0

Hello folks & fellow developers,

I am working on an Oracle DB and have some XML data stored in blob format, The XML has:

a) a formula (eg. %1 - %2 , or %2||'-'||%1)

b) a delimited list of variables that fit into the formula (eg. SALE_Q1| SALE_Q2 or YEAR| MONTH)

I have managed to pull this data into 2 different columns (can be merged into 1 column if needed too) and what I need to do is get the output column as a superimposition of the variables onto the placeholders.
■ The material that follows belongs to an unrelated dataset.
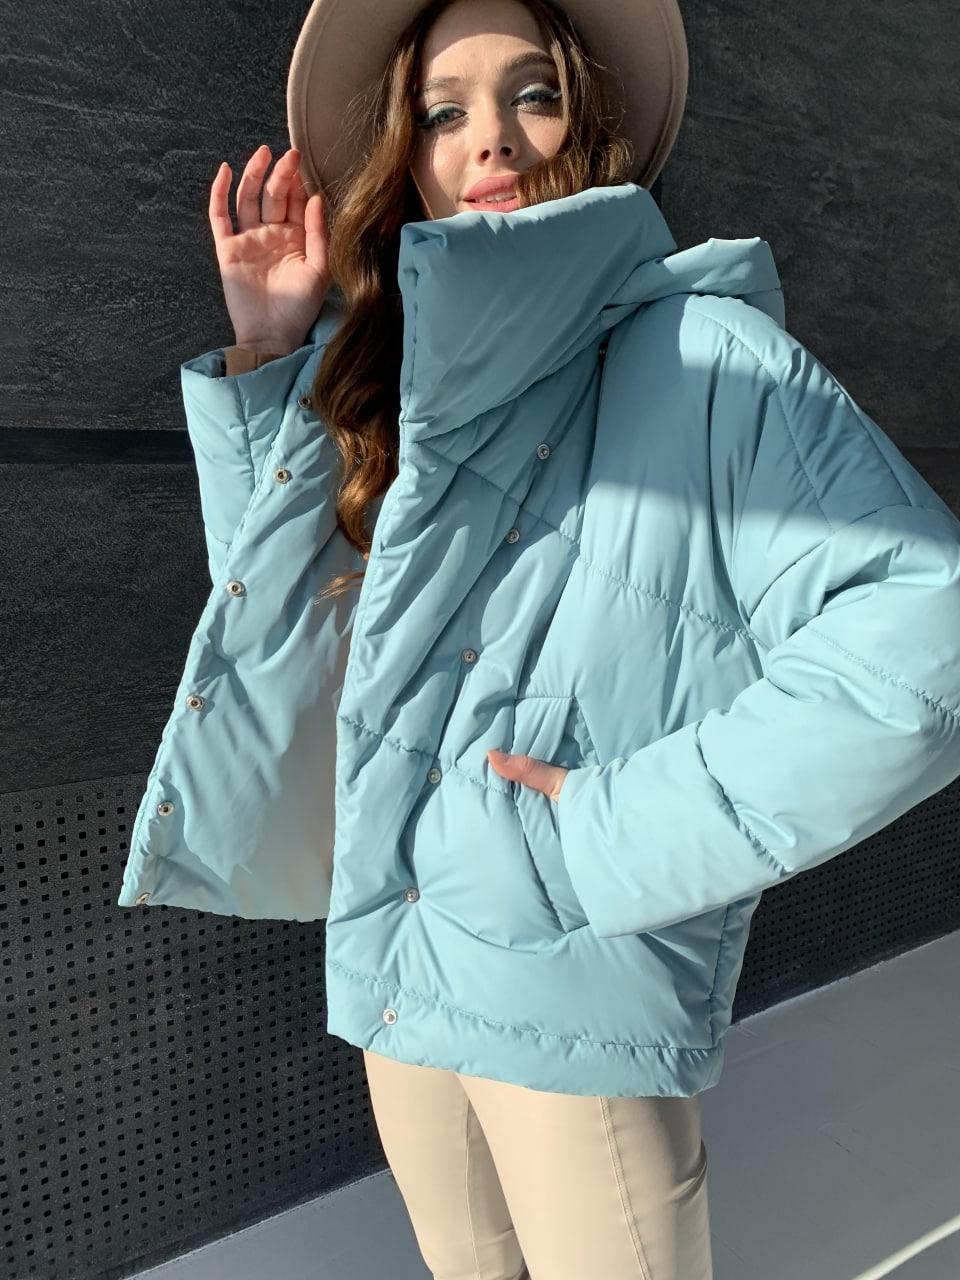 Уно short куртка из плащевой ткани Ammy 10927 АРТ. 47401 Цвет: Олива - фото 10, интернет магазин tm-modus.ru

(eg. SALE_Q1 - SALE_Q2 , or MONTH||'-'||YEAR)

there are also a few caveats to this like:

  1. I don't know how many variables will each formula have and,
  2. the variables will not always be used in the formula in the same order as the delimited list (see eg.2)

we can consider the data coming from a query like: SELECT formula || ', ' || columns_used FROM data_table; for the input string and the output i am currently getting is like:

%1||'-'||%2||%3, SITE_NO| SITE_NAME| COUNTRY
0.1 * %1, WIND_RES
%1, TOTAL
CASE WHEN LENGTH(%1) < 8 THEN NULL ELSE TO_DATE(%1,'yyyymmdd')END, MIN_DATE
%1(+)=%3 and %2(+)=%4, ABC| LMN| PQR| XYZ

I am pretty new to SQL and this requirement is going over my head, any help will be highly appreciated. I need an SQL solution as a PL/SQL solution is not feasible in my requirement (this script is going to pull data from one DB and feed it to another repo on a regular basis)
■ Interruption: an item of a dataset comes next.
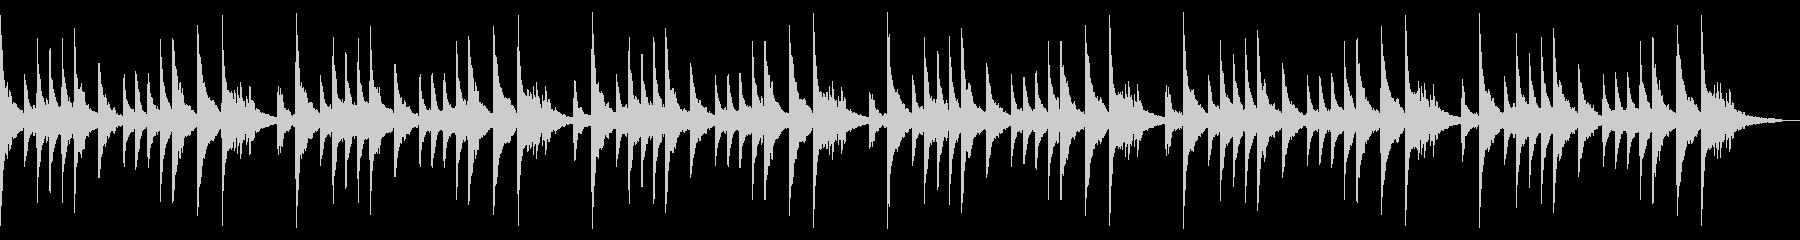 桜散るエモーショナルピアノソロチルアウトの未再生の波形

I have seen some articles on XML table, model, or recursive regexp but I am not sure how I can use these. I have also seen this question on StackOverflow but my requirement is a little different from that and is a bit trickier as well. getting the formula string and the variables into the same string for processing like that question is also a plausible route. Any solution that can be written in an SQL query will be very helpful.

some more examples for your consideration:

"%1||'-'||%2||%3, SITE_NO| SITE_NAME| COUNTRY" => "SITE_NO||'-'||SITE_NAME||COUNTRY"

"0.1 * %1, WIND_RES" => "0.1 * WIND_RES"

"%1, TOTAL" => "TOTAL"

"CASE WHEN LENGTH(%1) < 8 THEN NULL ELSE TO_DATE(%1,'yyyymmdd')END, MIN_DATE" => "CASE WHEN LENGTH(MIN_DATE) < 8 THEN NULL ELSE TO_DATE(MIN_DATE,'yyyymmdd')END"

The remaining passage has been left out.